Bx Pk East: We need a stop light!
Photo by Patrick Rocchio

Protestors gathered at an accident prone intersection in Allerton to call for a traffic light that they said is badly needed to protect children and the elderly.

Members of the Bronx Park East Community Association rallied near an entrance to Bronx Park on Wednesday, Oct. 9. to call on the city Department of Transportation to install a traffic light or calming devices at the corner of Waring Avenue and Bronx Park East.

After a three-car accident on Wednesday, Oct. 2, coming on the heels of another accident in the summer, BPCA president Raphael Schweizer said that local residents were increasingly concerned about the safety of people crossing the street as they enter and exit Bronx Park, or go to their cars.

“This is a main entrance to the park, there is a school nearby [P.S.96], and there is no crosswalk,” he said.

The city Department of Transportation has recently conducted a traffic study, he added, and did not find any need for traffic controls at that location.

He said that he believes that DOT sincerely cares about the pedestrian safety, and have pledged to put crosswalk markings on the street at one point, but that the agency is “relying too much on engineering studies and not enough on common sense,” he said.
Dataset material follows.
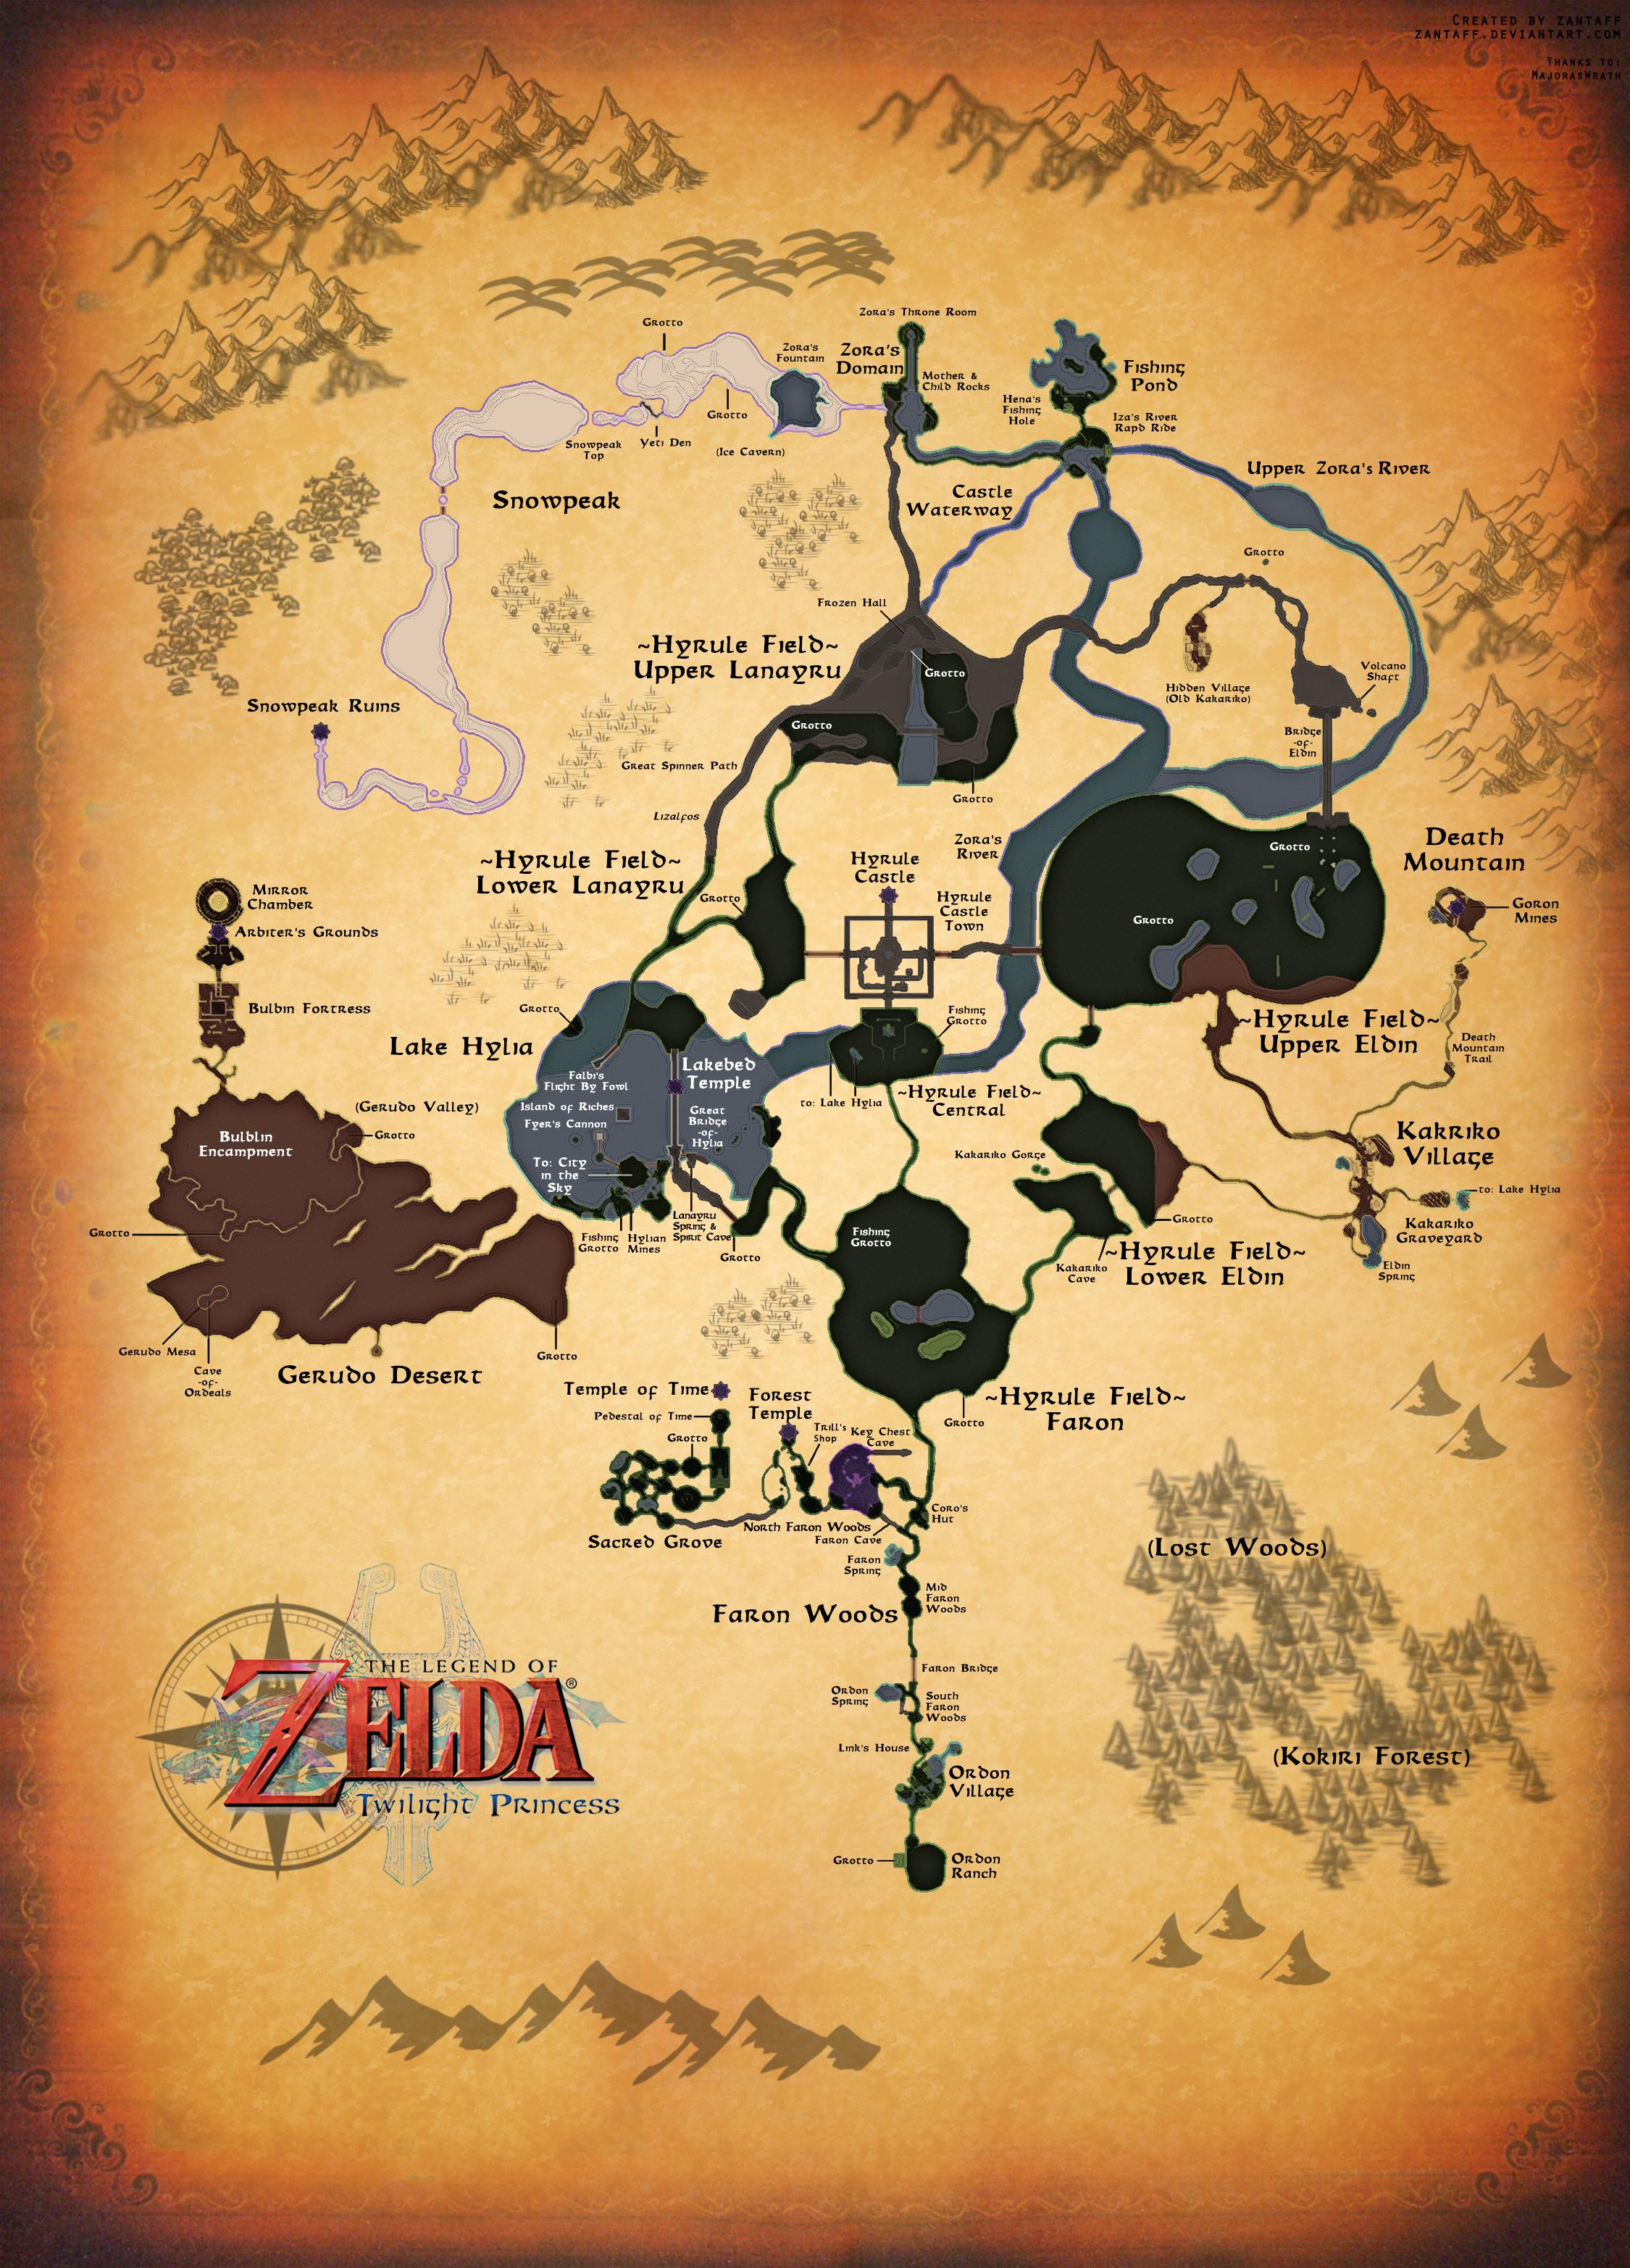 twilight princess full map by zantaff on deviantart

“It is like a highway here, he added, gesturing towards the street. “What is there to stopping cars from just going through and treating the corner like this is not even a crossing?”

Local resident Donal Holway, 70, said the DOT was applying accident standards for what is fast and unsafe that are more designed for major arteries, like nearby White Plains Road.

Michael Yagoda, who has lived in the area for 60 years, said that Bronx Park East’s traffic has descended into “anarchy” and there is no real traffic control on the wide street between Pelham Parkway North and Mace Avenue.

“I just watched this corner and it has become so dangerous because there are more children in the neighborhood, more people in the neighborhood, walkers, wheelchairs, and of course, cars…there is really not enough traffic control at this point,” he said.

Paula Diaz, who has lived in the neighborhood for 23 years and walks with a cane, said it sometimes takes several minutes to cross the wide thoroughfare, and feels that the time has come for a traffic light or something beyond a stop sign.

“The cars don’t even stop, and I am handicapped and have a cane,” she said. “You see the cars speed. And motorcycles? Forget it, they just go zoom! And no one is saying anything.”

Many people in the area have children, and families have to cross the street to get to the community’s playground, she said. It is also not the first time that a traffic light has been requested, she added.

Senator Jeff Klein wrote a letter to the city DOT on Sept. 30 asking that they reassess the situation, calling for the “installation of a traffic light or other traffic control devices.”

“Please note that this is a busy intersection, with hundreds of children and adults having to pass this crossing to enter the park at this location, in addition to the students going to and from Public School 96, which is located merely a block away,” stated Klein.

Schweizer said that a stop sign will not be suitable to calm the traffic, and that he has heard that speed humps apparently are not feasible because of the width of the street, which is lined with the park on one side and mostly residential buildings on the other.